For solvatochromism experiments, all stock solutions of dyes were prepared at 1 mM in DMSO. Afterward, the stock solutions were diluted 100 times, using different solvents, to obtain working solutions with a concentration of 10 μM. In UV-vis absorption measurement, the background of solvent alone was subtracted. For the AIE curve measurement, a stock solution of BA-based dye in DMSO (1 or 10 mM) was first prepared.
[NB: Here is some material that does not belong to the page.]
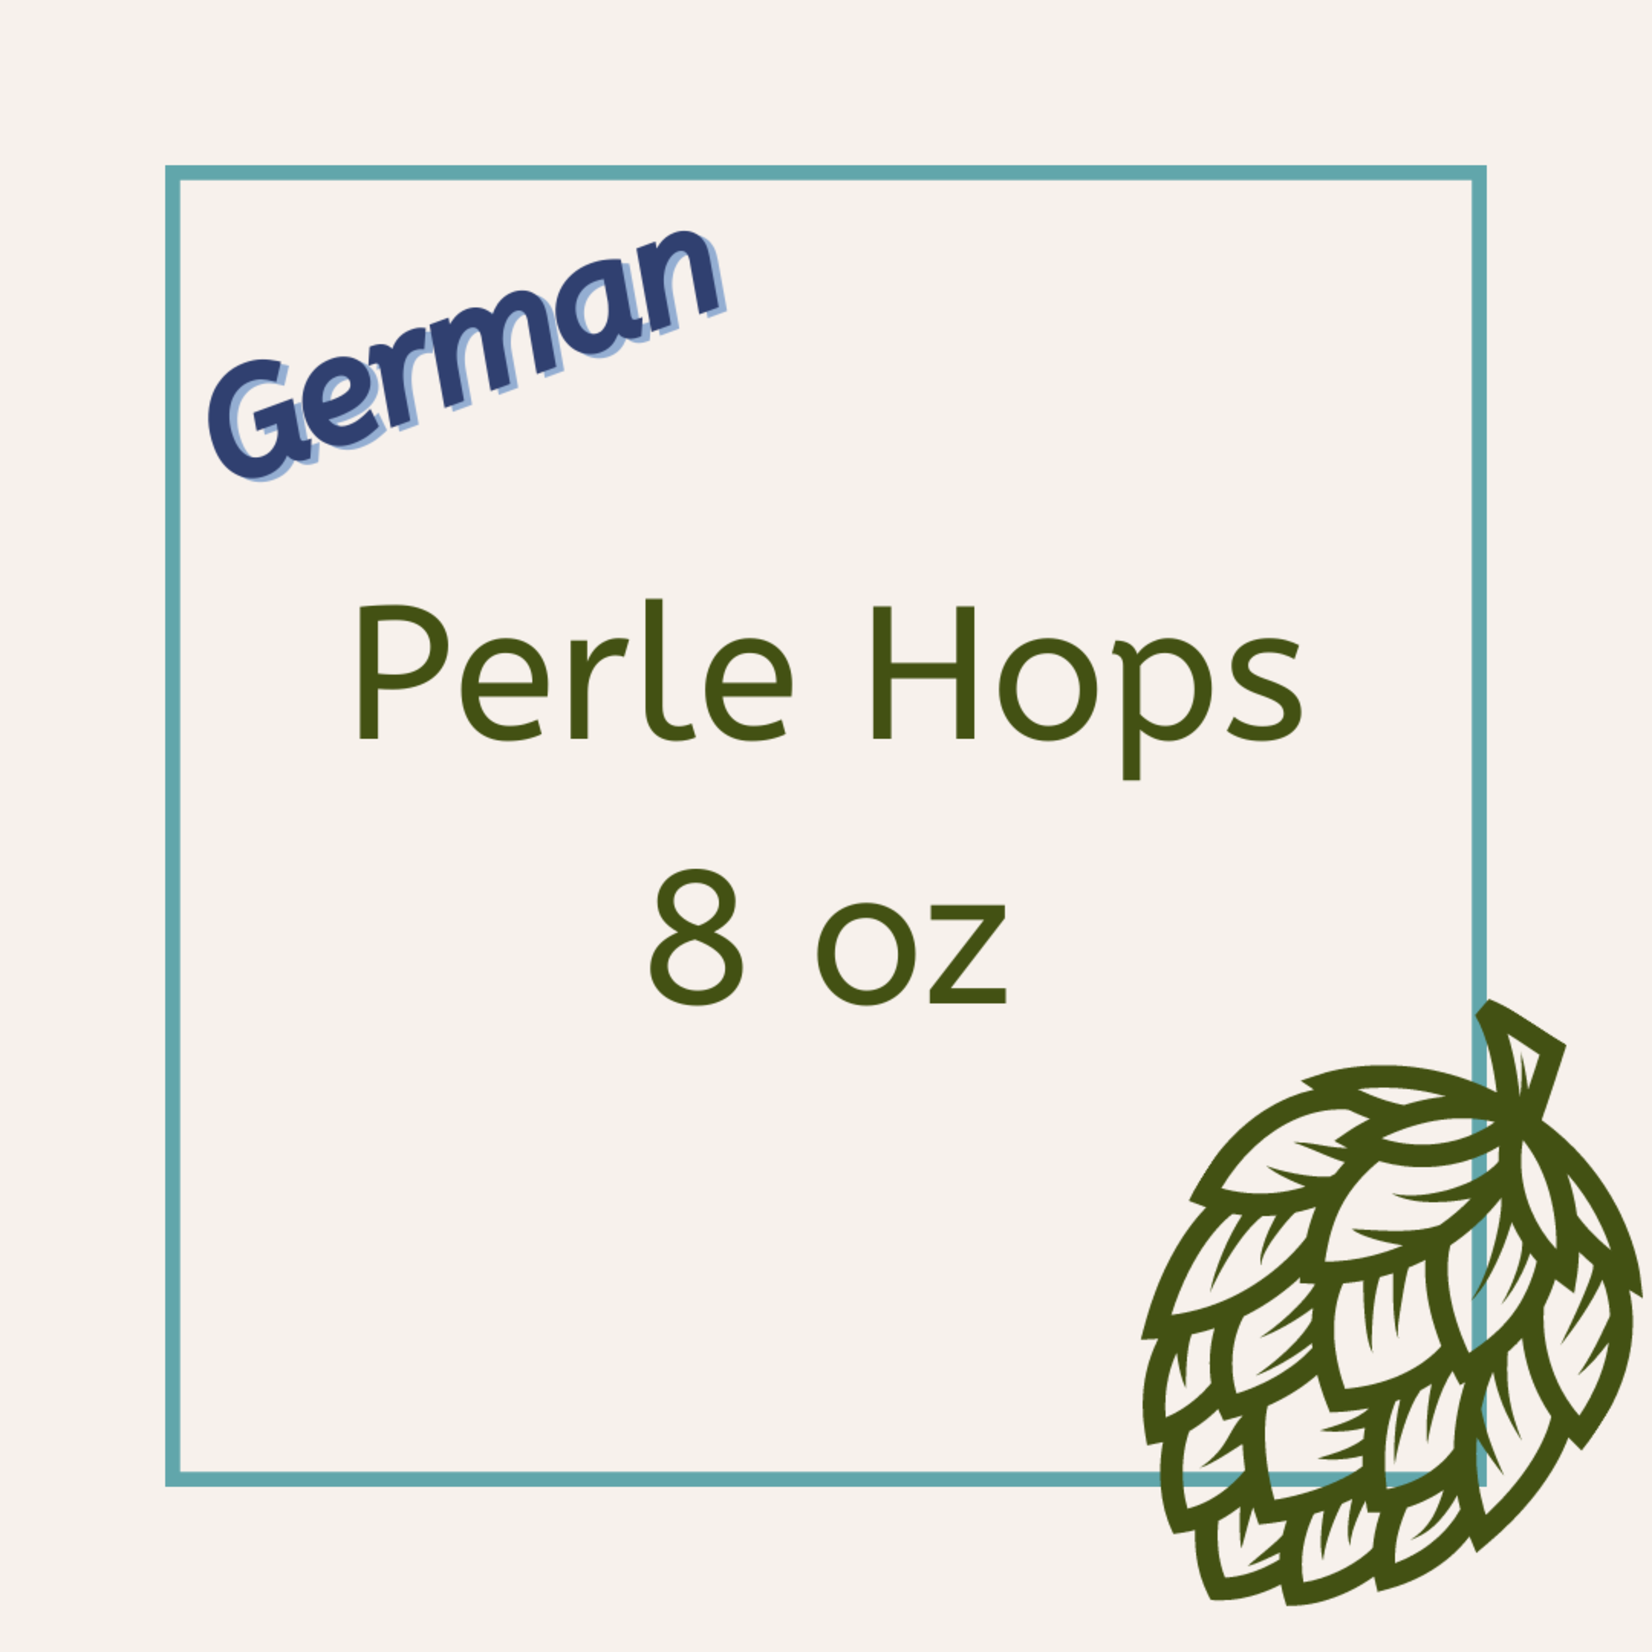 BSG German Perle Hops 8oz

Aliquots of this stock solution were transferred into volumetric flasks (10 mL), into which appropriate volumes of DMSO and water were added dropwise, under vigorous stirring, to furnish 100 µM solutions with different water contents (0−99 vol%). Fluorescence emission spectra were measured immediately after the solutions were prepared.

3.4. Quantum Yield Measurements

Solid film fluorescence quantum yields were measured, using a Hamamatsu absolute PL quantum yield spectrometer C11347 Quantaurus_QY (Hamamatsu City, Shizuoka Prefecture, Japan) and a matched integrating sphere. Data showed averaged values of three detected readings from the machine.
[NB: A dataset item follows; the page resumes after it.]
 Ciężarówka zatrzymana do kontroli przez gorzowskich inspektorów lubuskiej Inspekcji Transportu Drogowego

3.5. Protein-Formation Detection

The preparation methods of protein samples were adopted from the strategies previously described by Carver et al. [30], which are summarized in detail in

Table 2. Aggregation conditions for HEWL and the corresponding aggregate types.
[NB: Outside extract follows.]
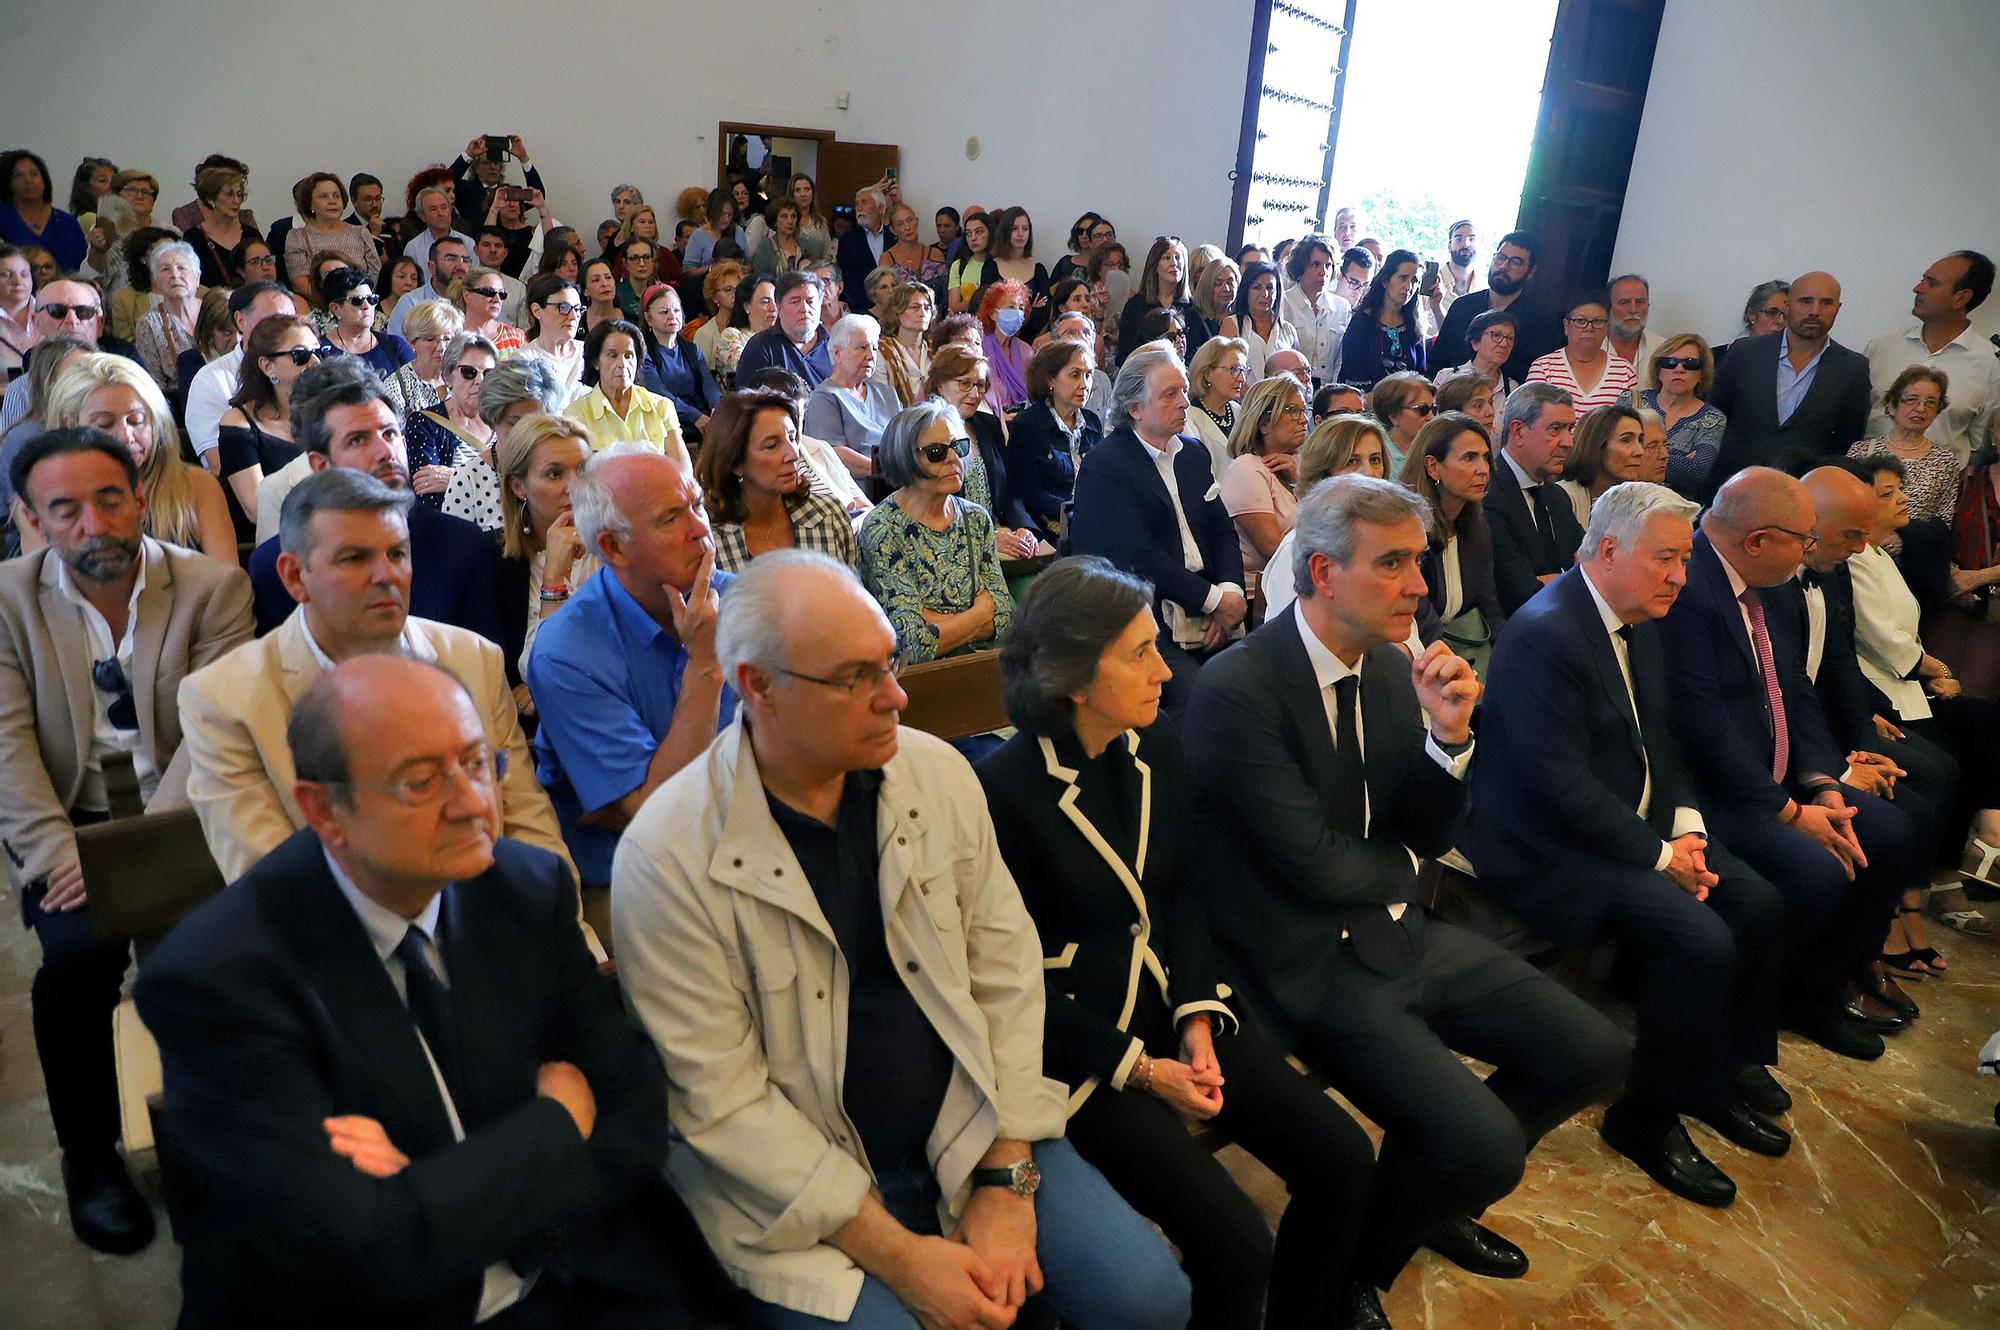 El pueblo de Córdoba ofrece la última despedida a Antonio Gala en su Fundación

Concentration	Aggregation Condition	Type of Aggregate
35 µM	50 mM of glycine-HCl pH 2.0, 137 mM of NaCl, 2.7 mM of KCl, 0.01% (w/v) NaN3, 55 °C, medium shaking, 8 h [31]	Fibril
70 µM	50 mM of glycine-HCl pH 12.2, 37 °C, 300 rpm, 8 h [32]	Amorphous
70 µM	50 mM of glycine-HCl pH 2.0	Monomer

.

The dye PyB-M was prepared at 5 mM in DMSO, as the stock solution. Assays were conducted by 1:100 diluting the stock solution of dyes into protein samples, and emission spectra were immediately recorded by the fluorescence spectrophotometer. The excitation wavelengths of PyB-M and ThT were set at 494 and 440 nm, respectively.

4. Conclusions

In summary, we synthesized ten organic AIE-active fluorescent dyes through the simple and robust Knoevenagel condensation reaction of BA blocks and benzaldehydes. Among these dyes, PyB, PyB-M, MoB-M, and EtHB-M are new molecules, which have never been reported before. All these BA-based dyes exhibited long-wavelength absorption and emission in the orange-to-red region. Besides, most of the dyes in solid state enjoy high quantum yields, which can be as high as 32.8%. Thanks to the electron pull–push architecture, these dyes exhibited the special photophysical property of solvatochromism. Finally, the AIE behaviors of these dyes were demonstrated by using standard fluorometric techniques. We further demonstrated the application of differentiating pathogenic amyloid fibrils from other protein conformers by using one of the novel analogues. Further application of the BA-based dyes in biosensing is ongoing in our lab.